Here the job is to transcribe the data exactly while omitting the images.

━━━ PROVIDED DATA

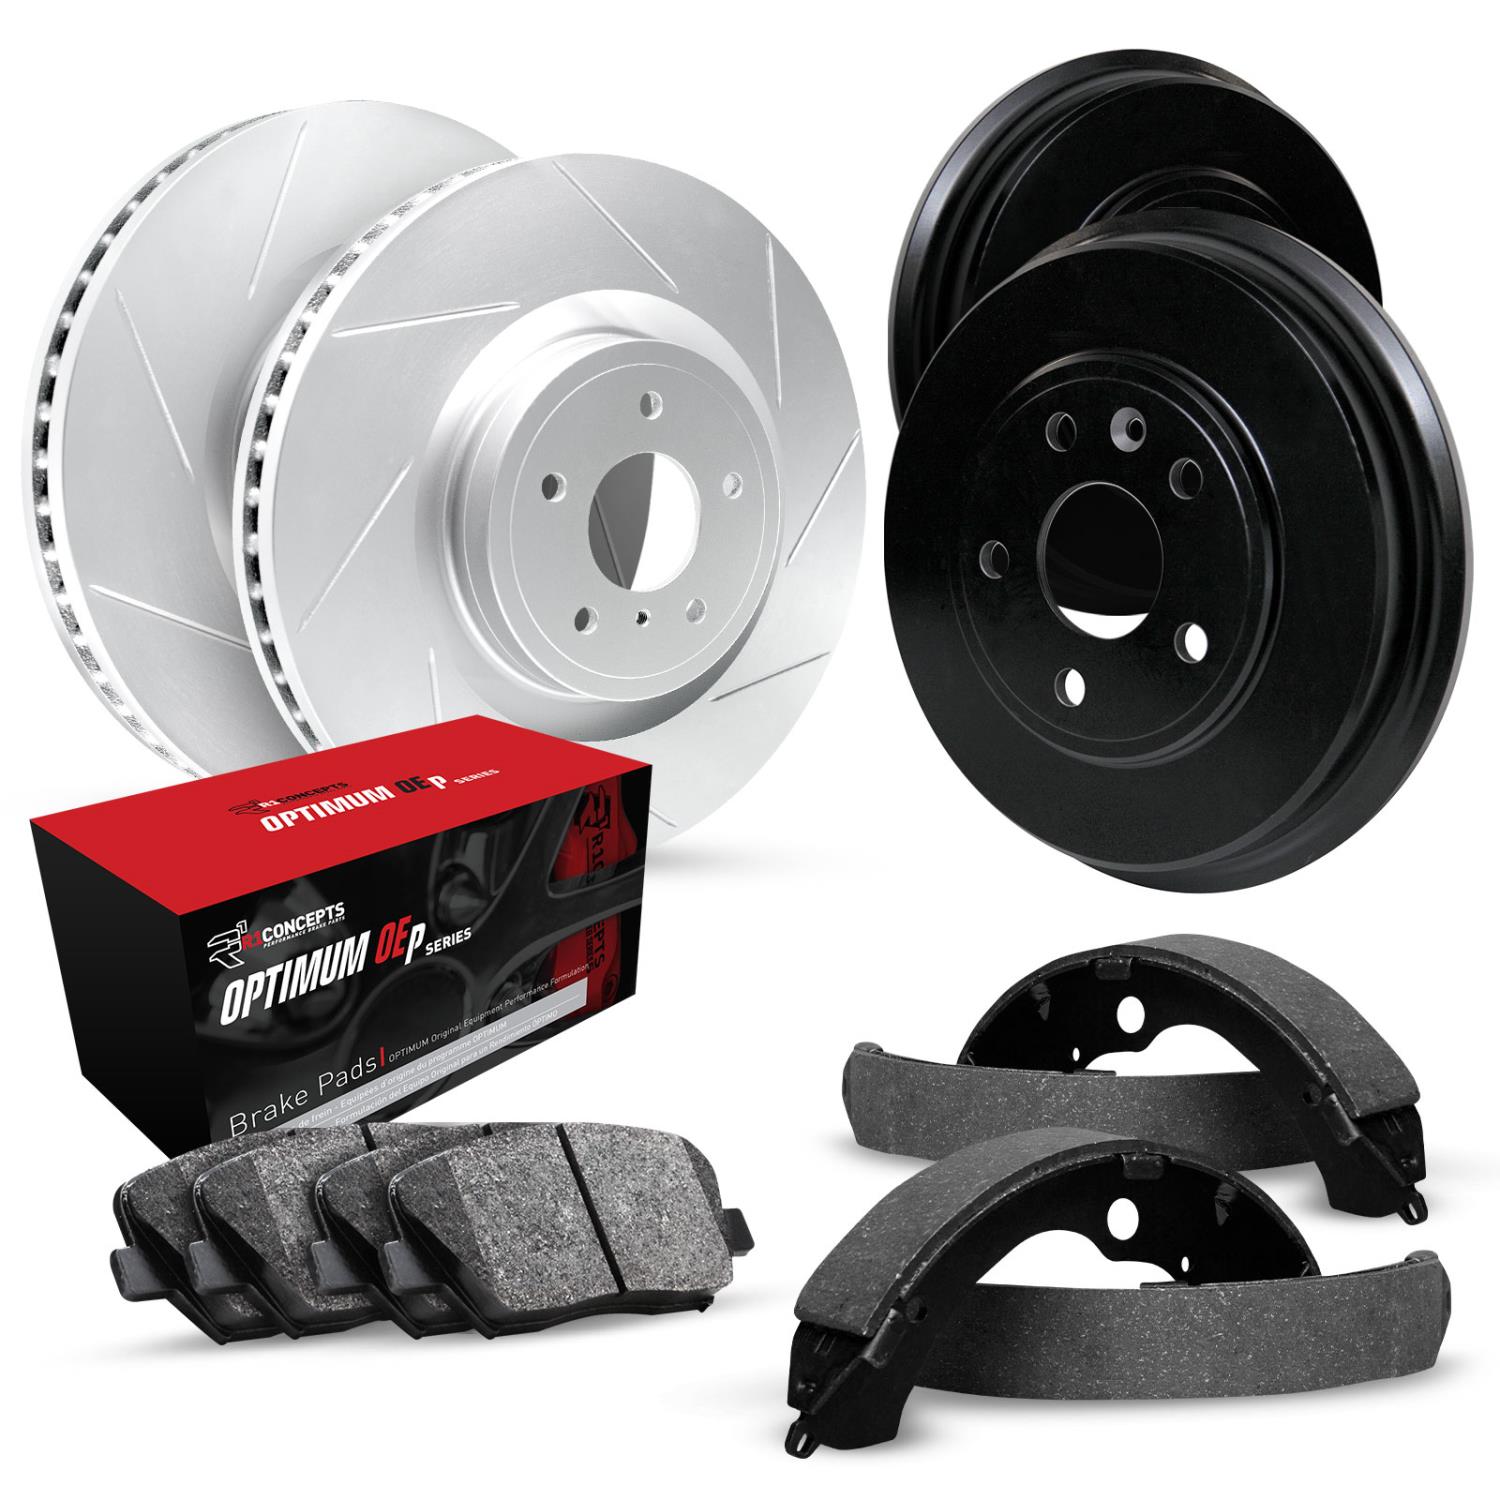 GEO-Carbon Slotted Brake Rotor & Drum Set w/Optimum OE Pads & Shoes, 1995-2004 Lexus/Toyota/Scion, Position: Front & Rear
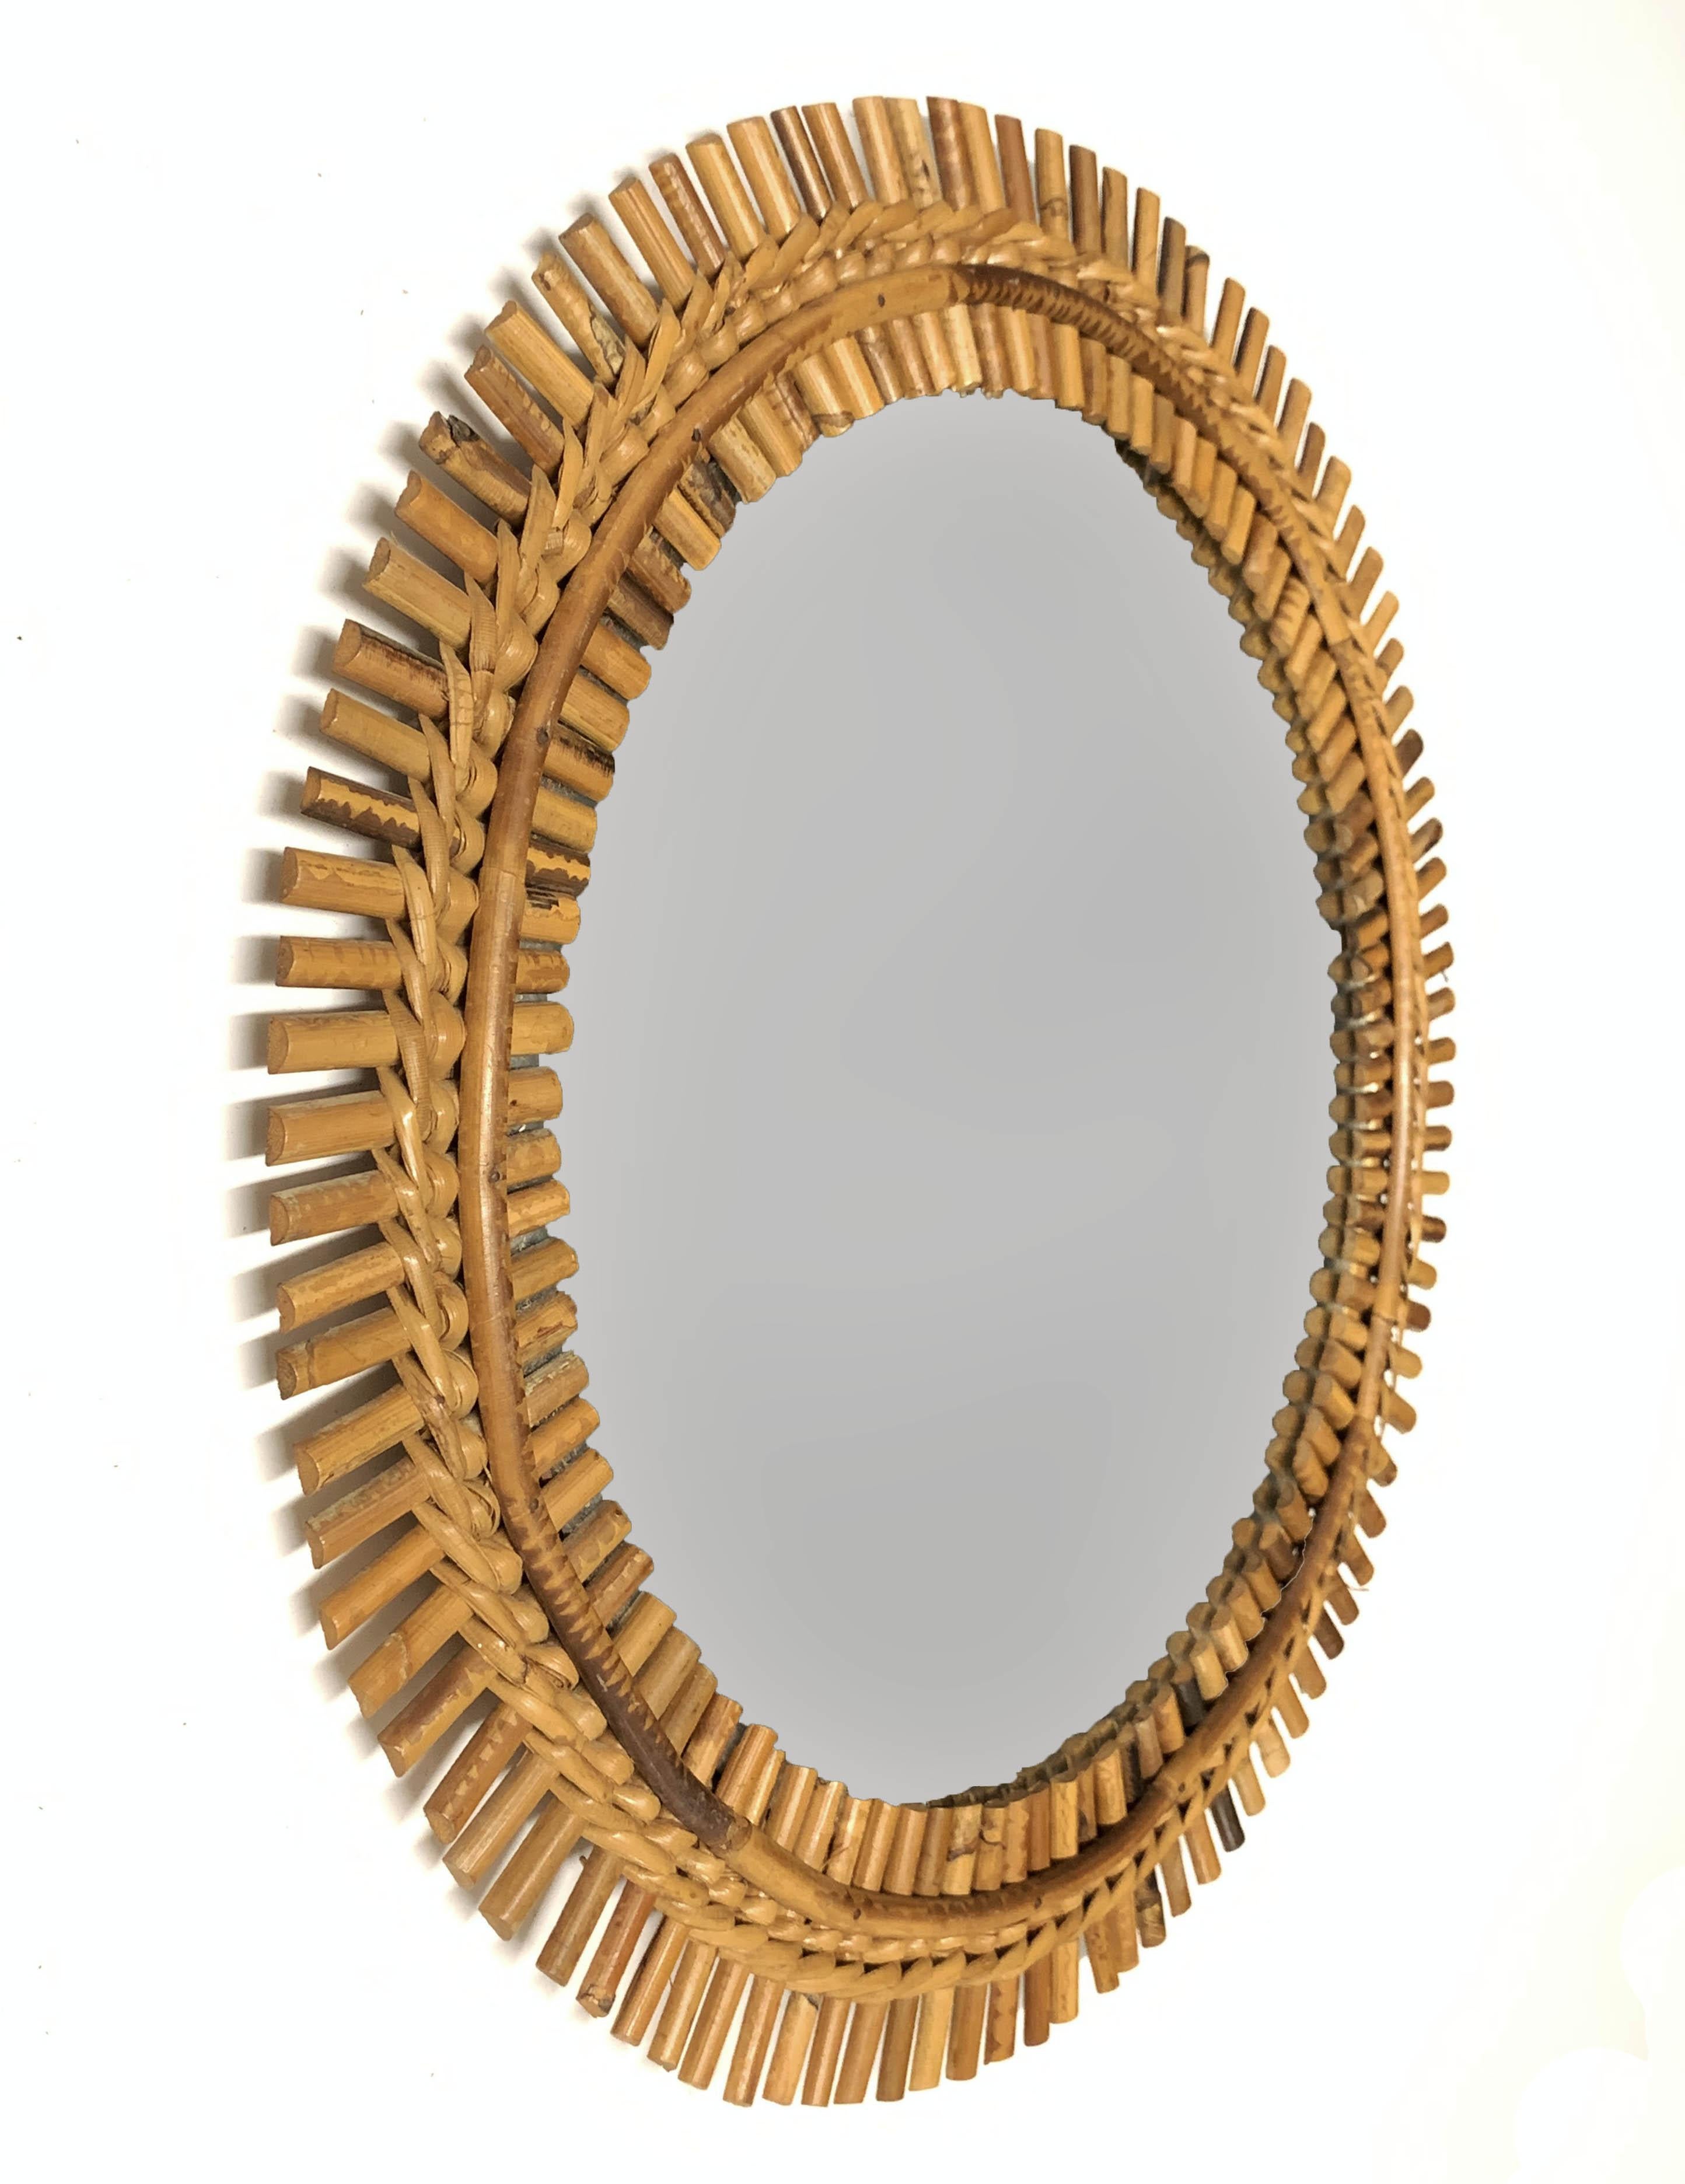 Cote d'Azur round wall mirror with a bamboo and rattan frame, produced in France during 1960s.

This amazing mirror is in its original, good conditions. It has the unmistakable design of the 1960s and will, with its elegance, remind the breeze of

━━━━━━

| FINISHED EXERCISE |
 GEO-Carbon Slotted Brake Rotor & Drum Set w/Optimum OE Pads & Shoes, 1995-2004 Lexus/Toyota/Scion, Position: Front & Rear
 Cote d'Azur round wall mirror with a bamboo and rattan frame, produced in France during 1960s.

This amazing mirror is in its original, good conditions. It has the unmistakable design of the 1960s and will, with its elegance, remind the breeze of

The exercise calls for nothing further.